Recuerdo haber ido a una fiesta en un depósito en el distrito de Pilsen el verano en que murió
Michael Jackson. El sudor rodaba por los cuellos de los cuerpos que chocaban al ritmo del Rey del Pop y
Quincy Jones, y en un rincón, yo celebraba la corte de los borrachos. Mientras pronunciaba una diatriba
sobre la complejidad del lirismo de Dangerous, me fijé en un chico del Midwest de la escuela de arte que
parecía recién salido de una producción regional de Angels in America. Cuanto más hablaba, más se
iluminaba; dijo que sí antes de que pudiera terminar de preguntarle si quería volver a mi lugar y ver Sweet
Sweetback's Baadassssss Song.
No tardé en lamerle el sabor a sal en su cuello; él me sonrió y luego volvió la mirada a la pantalla.
Y me di cuenta de que la pija que se ponía dura por mí, también se estaba poniendo dura por Melvin Van
Peebles.
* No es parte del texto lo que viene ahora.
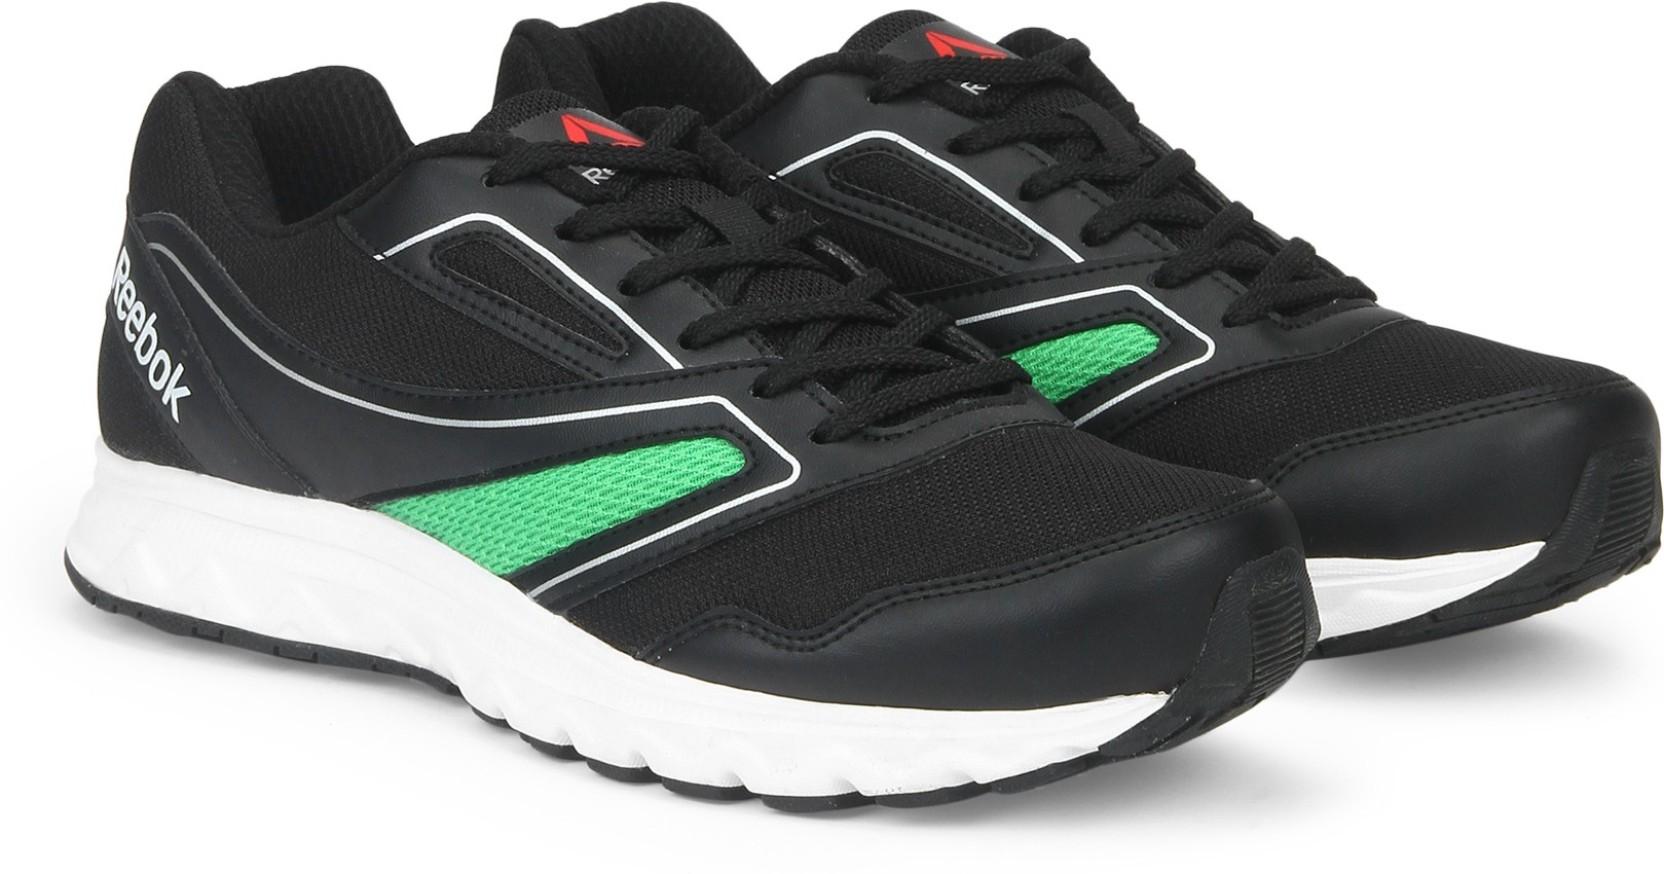 accf4c0853f REEBOK EXPLORE RUN Running Shoes For Men - Buy BLACK BRT GRN MET SIL ...

Y si eso era cierto, ¿la única razón por la que había vuelto a casa conmigo era para educarse con
cosas negras ejemplares? ¿Era yo solo otra cosa negra ejemplar?
Empecé a rumiar obsesivamente por qué sentía esa necesidad de convencer a mis amantes blancos
de que yo era algo más que "negro", de que me vieran de una forma que yo ni siquiera podía verme a mí
mismo. ¿Cómo podía pedir que los desconocidos encontraran bello mi cuerpo negro cuando yo veía los
cuerpos negros como extraños, ajenos a mis deseos? Incluso en mi memoria de aquella primera noche en
Berlín, los únicos ojos que recuerdo eran los de rostros blancos repulsivos. ¿Cuántos chicos de aquel bar
que se parecían a mí vieron mis ojos encontrarse con los suyos con la misma repulsión?
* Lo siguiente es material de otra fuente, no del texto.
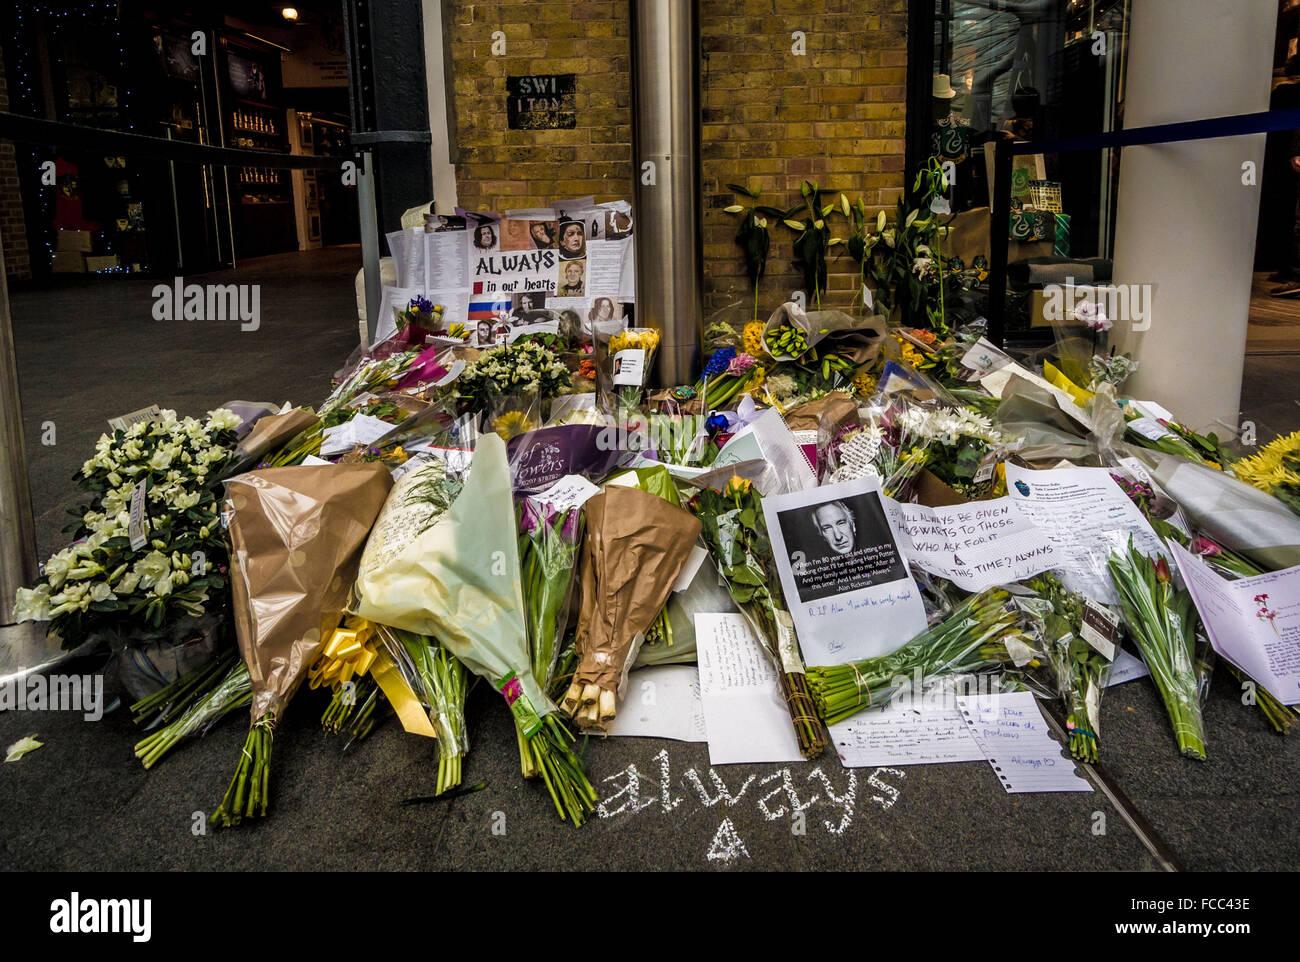 London, UK. 21st January, 2016. Tributes to actor Alan Rickman at Kings Cross Station. 'Platform 9 3/4', - Stock Image

Así que empecé a descolonizar mi deseo de la única manera que sabía: a través de la escritura. Esa
obsesión, como un picor, se extendió por mí de la misma forma que había movido a mis antepasados;
empecé a procesar lentamente lo que significaba ser un cuerpo negro y masculino en un mundo de
homosexuales blancos. Escribí una obra en la que exploraba la relación entre un artista negro de 25 años y
un coleccionista de arte blanco de 65, para analizar las formas en las que fui acunado, mimado y
coleccionado por instituciones blancas y cómo yo las he coleccionado y utilizado a mi vez. Otra
imaginaba una relación entre Robert Mapplethorpe y James Baldwin como forma de explorar los hombres
blancos con los que he salido y las formas en que mis antepasados tenían deseos colonizados también.
En Piel negra, máscaras blancas, el filósofo nacido en Martinica Frantz Fanon escribió que los
negros no se sienten inferiores a los demás porque sentirse inferior es sentir que uno existe. En cambio,
buscamos obsesivamente el reconocimiento, como el reconocimiento de la mirada del otro, para formular
una existencia, para tomar conciencia de nosotros mismos.
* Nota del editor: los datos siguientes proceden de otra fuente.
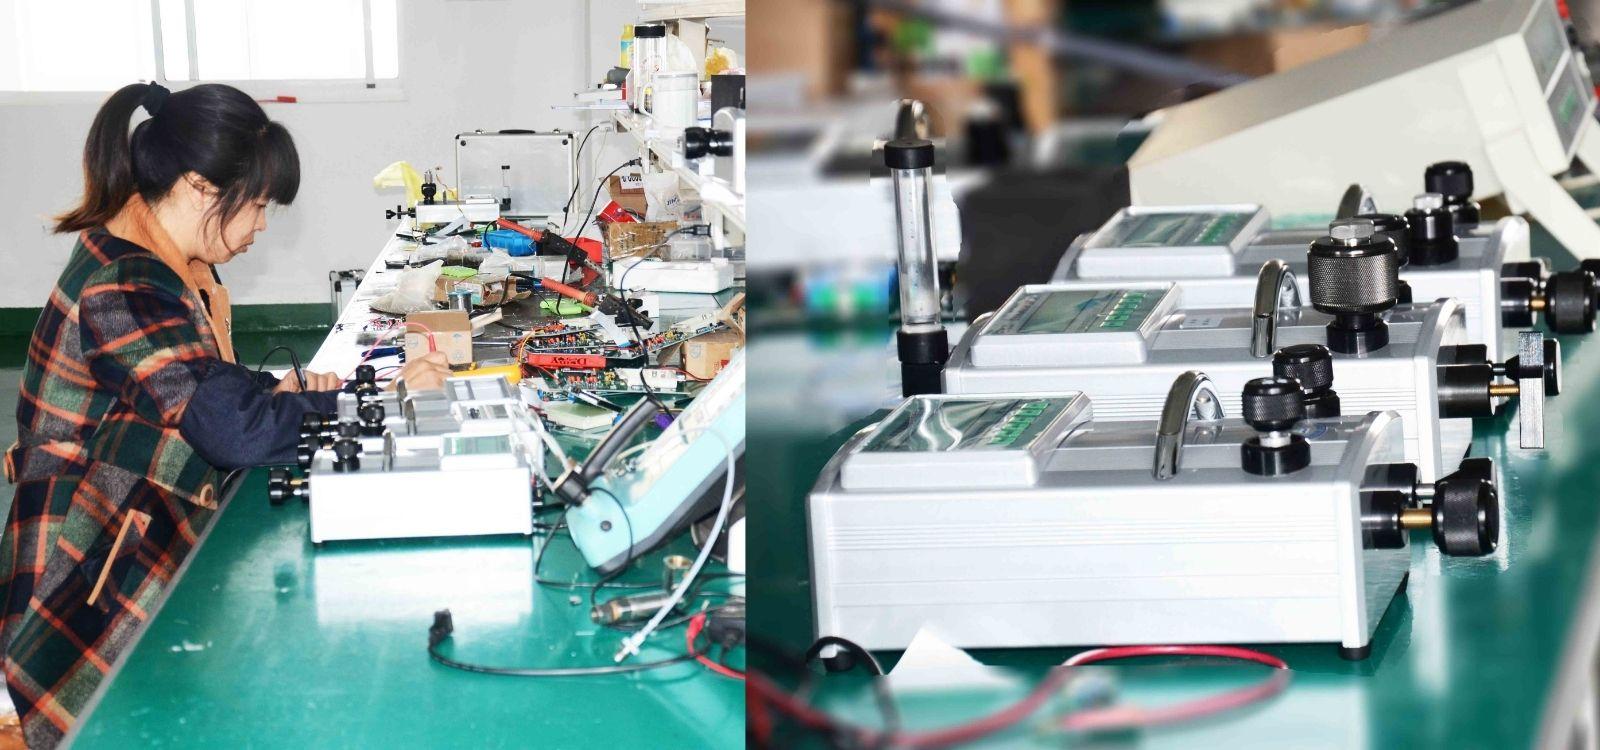 Test-pressure calibrator

Como he pasado la mayor parte de mi vida viviendo en un mundo blanco -obsesionado con sus
productos culturales, sus cuerpos, su validación-, he vivido la mayor parte de mi vida sin ser consciente
de que, al hacerlo, estaba dejando de existir.
Hoy escribo para hacerme existir y remodelar el mundo a mi imagen, no para los blancos, sino
para mí. Para reconstruir los terrenos de mi subconsciente que han albergado cuerpos violentos durante
demasiado tiempo, y para encontrar la forma de garabatear un ser en papel blanco con tinta negra.